Exercise instructions: Needed from the data below: every line from the one with "Lawyer office the" up to and including the one with "Thumb or Finger", repeated exactly and with nothing else.

Data records:
------------------------------------------------------------

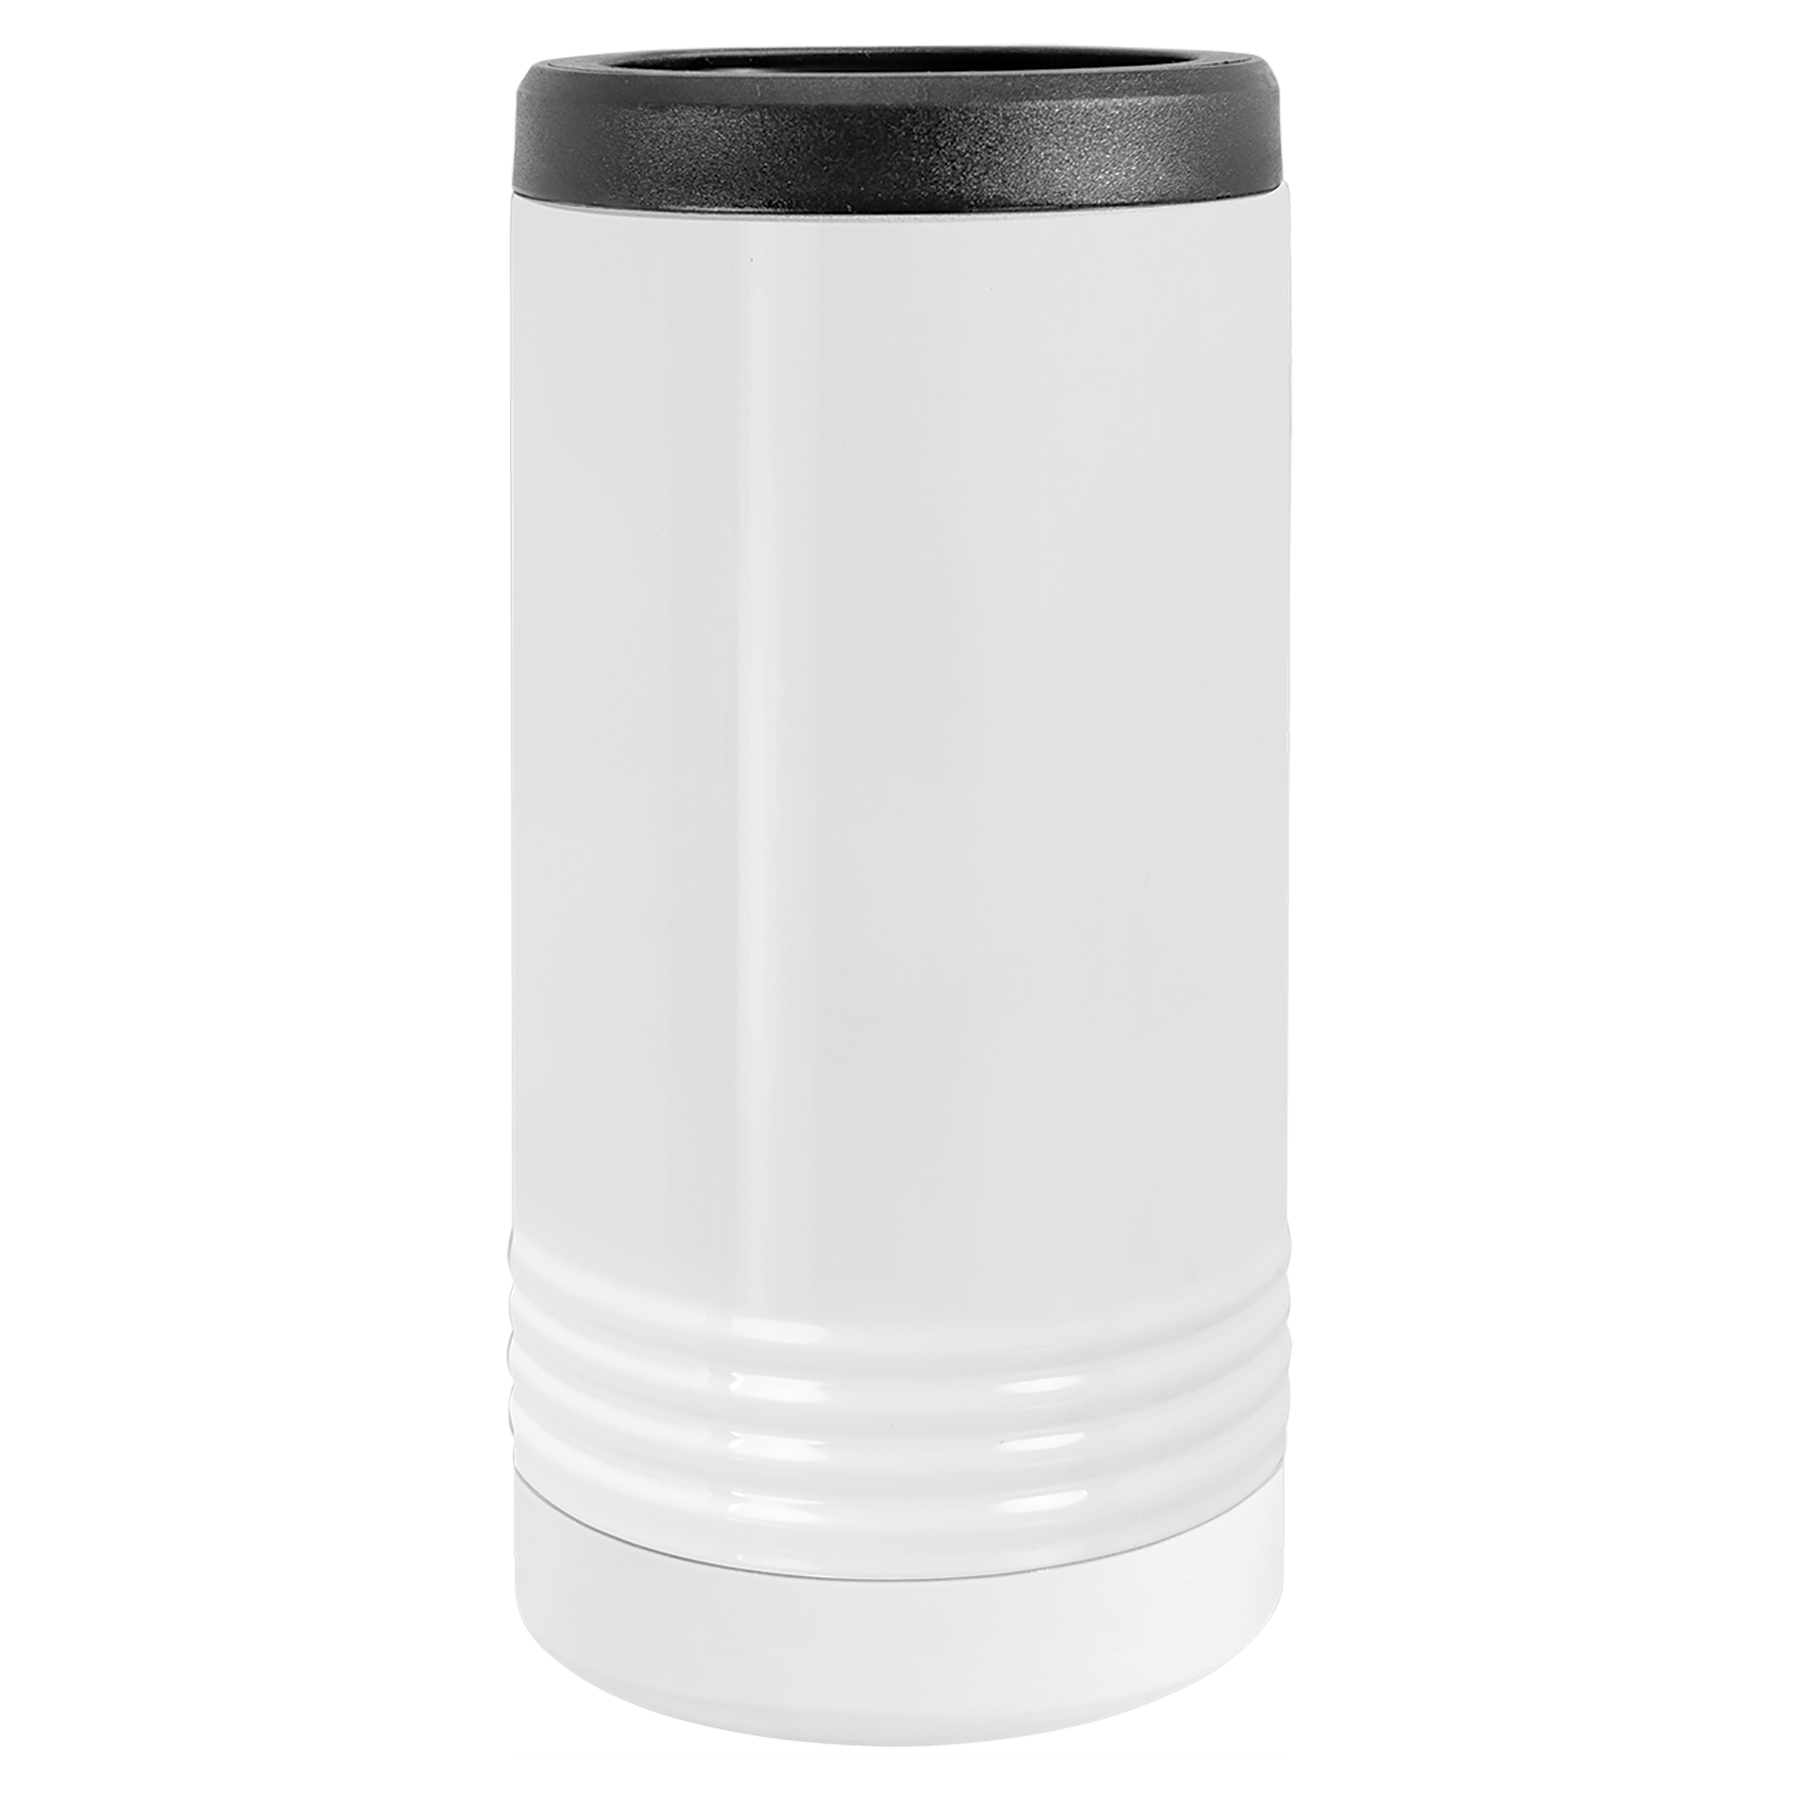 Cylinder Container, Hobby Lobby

------------------------------------------------------------

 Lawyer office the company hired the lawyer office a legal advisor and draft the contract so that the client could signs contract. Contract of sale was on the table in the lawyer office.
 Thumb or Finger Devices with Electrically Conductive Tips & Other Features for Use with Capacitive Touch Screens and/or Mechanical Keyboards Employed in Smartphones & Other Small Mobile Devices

------------------------------------------------------------

Output:
 Lawyer office the company hired the lawyer office a legal advisor and draft the contract so that the client could signs contract. Contract of sale was on the table in the lawyer office.
 Thumb or Finger Devices with Electrically Conductive Tips & Other Features for Use with Capacitive Touch Screens and/or Mechanical Keyboards Employed in Smartphones & Other Small Mobile Devices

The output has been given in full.